Scandinavia is a collective term for five countries in northern Europe: Norway, Sweden, Denmark, Iceland and Finland. The first four have strong historical and cultural links, and speak very similar languages.
Their political histories were also varied. Scandinavia was the home of the Vikings, who conquered large parts of England and settled or traded as far afield as Russia and Sicily.
In modern times, Norway belonged to Denmark until 1814, and was then ruled by the King of Sweden until 1905. Finland belonged to Sweden until 1807 and then to Russia until 1917. Iceland was ruled by Denmark until 1945.
The Scandinavian countries had small populations and were relatively poor before the 20th century.
Denmark had fertile land and developed livestock and dairy farming, while Sweden developed a small but significant engineering industry.

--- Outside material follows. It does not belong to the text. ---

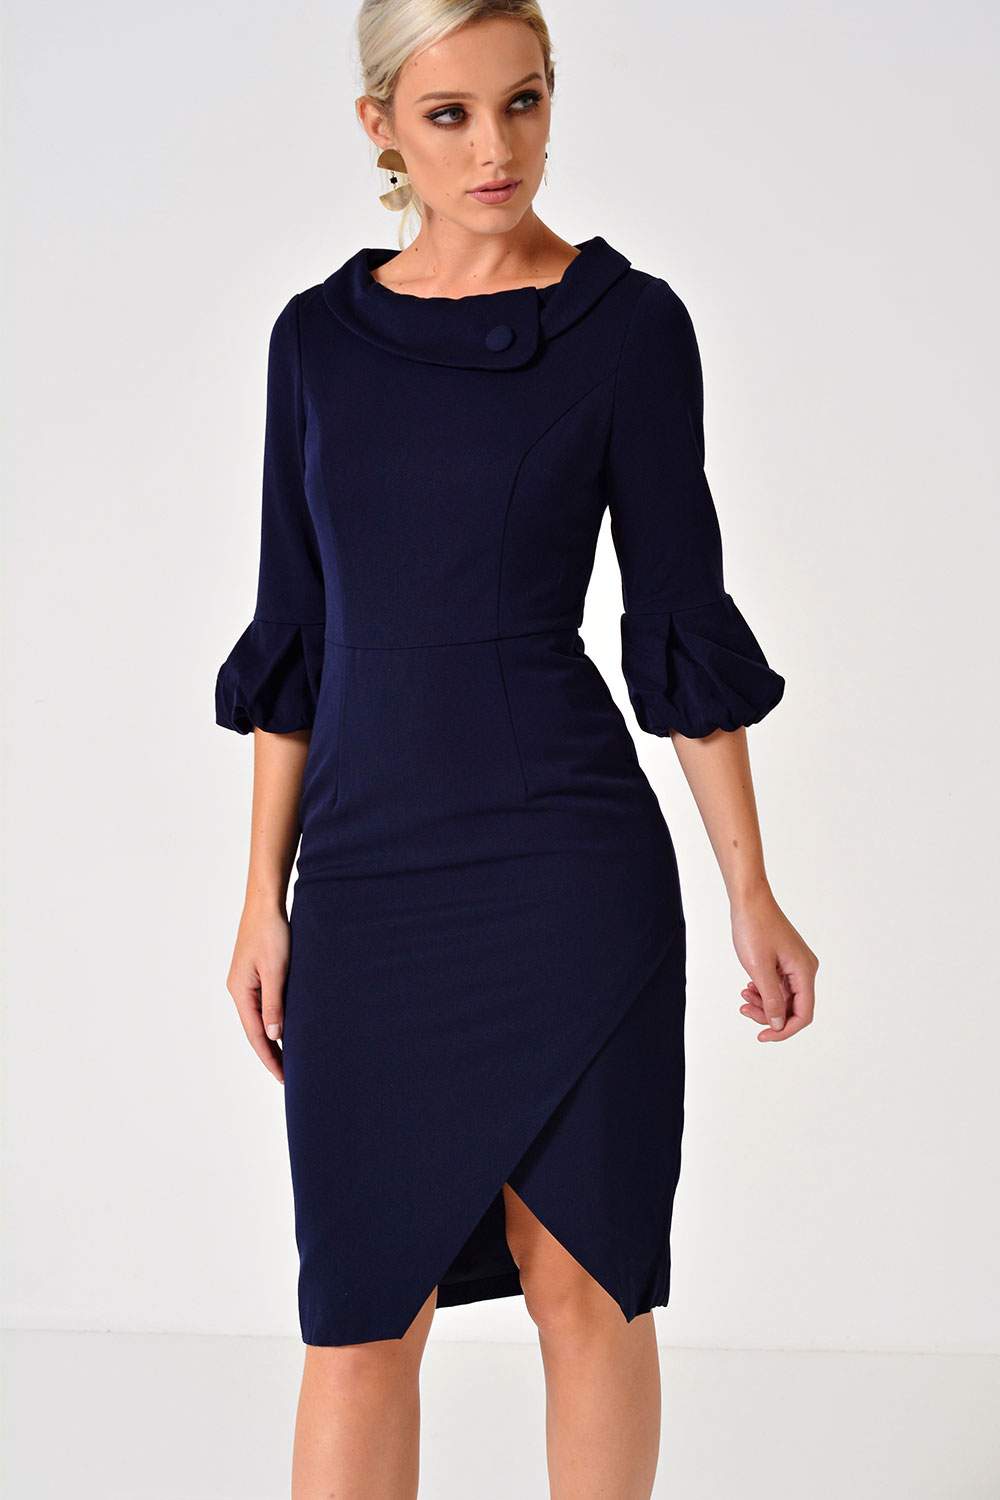 Jolie Moi Audrey 3/4 Frill Sleeve Dress in Navy | iCLOTHING - iCLOTHING

Norway, with its long coastline and poor soil, was particularly dependent on the sea. Fishing became more important than farming, while Norwegian shipowners built up a huge merchant fleet - one of the world's largest - in the 19th century.
Scandinavian timber ships had been coming to London for centuries. The trade was already established long before the Great Fire of London in 1666. The subsequent rebuilding of the City created a huge demand for timber.
With the closure of the Surrey Commercial Docks, imports of timber, timber products and paper from Scandinavia switched to Tilbury. These are carried in containers where possible, but most timber is still handled in the conventional way.